|Title||Responses of insect herbivores and their food plants to wind exposure and the importance of predation risk|
|Author(s)||Chen, Cong; Biere, Arjen; Gols, Rieta; Halfwerk, Wouter; Oers, Kees van; Harvey, Jeffrey A.|
|Source||Journal of Animal Ecology 87 (2018)4. - ISSN 0021-8790 - p. 1046 - 1057.|
Laboratory of Entomology
|Publication type||Refereed Article in a scientific journal|
|Keyword(s)||Abiotic factors - Brassica nigra - Development - Parus major - Pieris brassicae - Plant-herbivore interactions - Plutella xylostella - Predator|
Wind is an important abiotic factor that influences an array of biological processes, but it is rarely considered in studies on plant-herbivore interactions. Here, we tested whether wind exposure could directly or indirectly affect the performance of two insect herbivores, Plutella xylostella and Pieris brassicae, feeding on Brassica nigra plants. In a greenhouse study using a factorial design, B. nigra plants were exposed to different wind regimes generated by fans before and after caterpillars were introduced on plants in an attempt to separate the effects of direct and indirect wind exposure on herbivores.

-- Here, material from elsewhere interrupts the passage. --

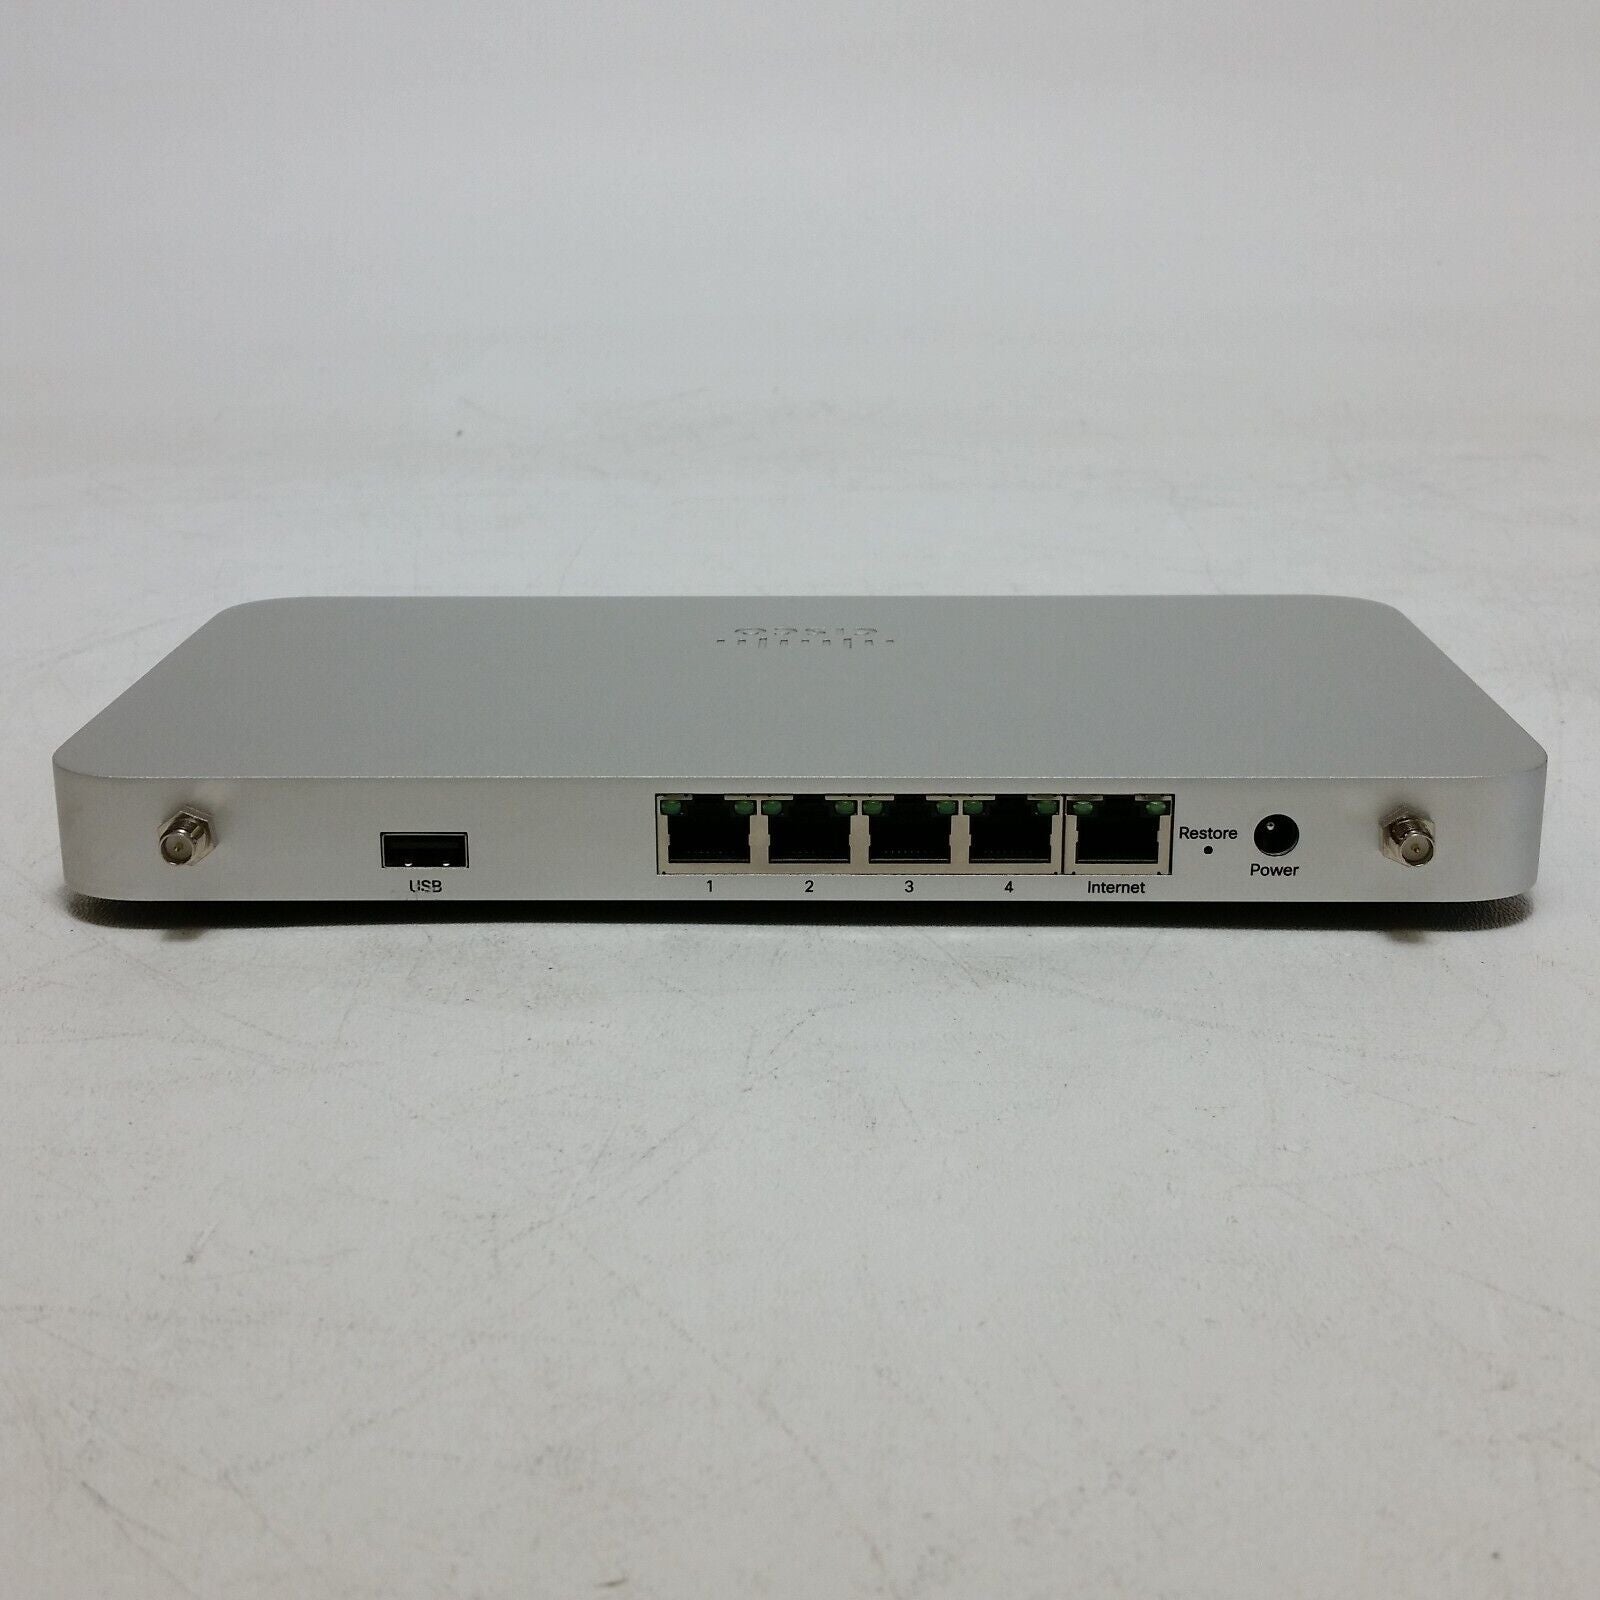 Cisco Meraki Cloud Managed Switch, LAN Capable, White at Rs 341256

Wind exposure delayed flowering, decreased plant height and increased leaf concentrations of amino acids and glucosinolates. Plant-mediated effects of wind on herbivores, that is effects of exposure of plants to wind prior to herbivore feeding, were generally small. However, development time of both herbivores was extended and adult body mass of P. xylostella was reduced when they were directly exposed to wind. By contrast, wind-exposed adult P. brassicae butterflies were significantly larger, revealing a trade-off between development time and adult size. Based on these results, we conducted a behavioural experiment to study preference by an avian predator, the great tit (Parus major) for last instar P. brassicae caterpillars on plants that were exposed to either control (no wind) or wind (fan-exposed) treatments. Tits captured significantly more caterpillars on still than on wind-exposed plants. Our results suggest that P. brassicae caterpillars are able to perceive the abiotic environment and to trade off the costs of extended development time against the benefits of increased size depending on the perceived risk of predation mediated by wind exposure. Such adaptive phenotypic plasticity in insects has not yet been described in response to wind exposure.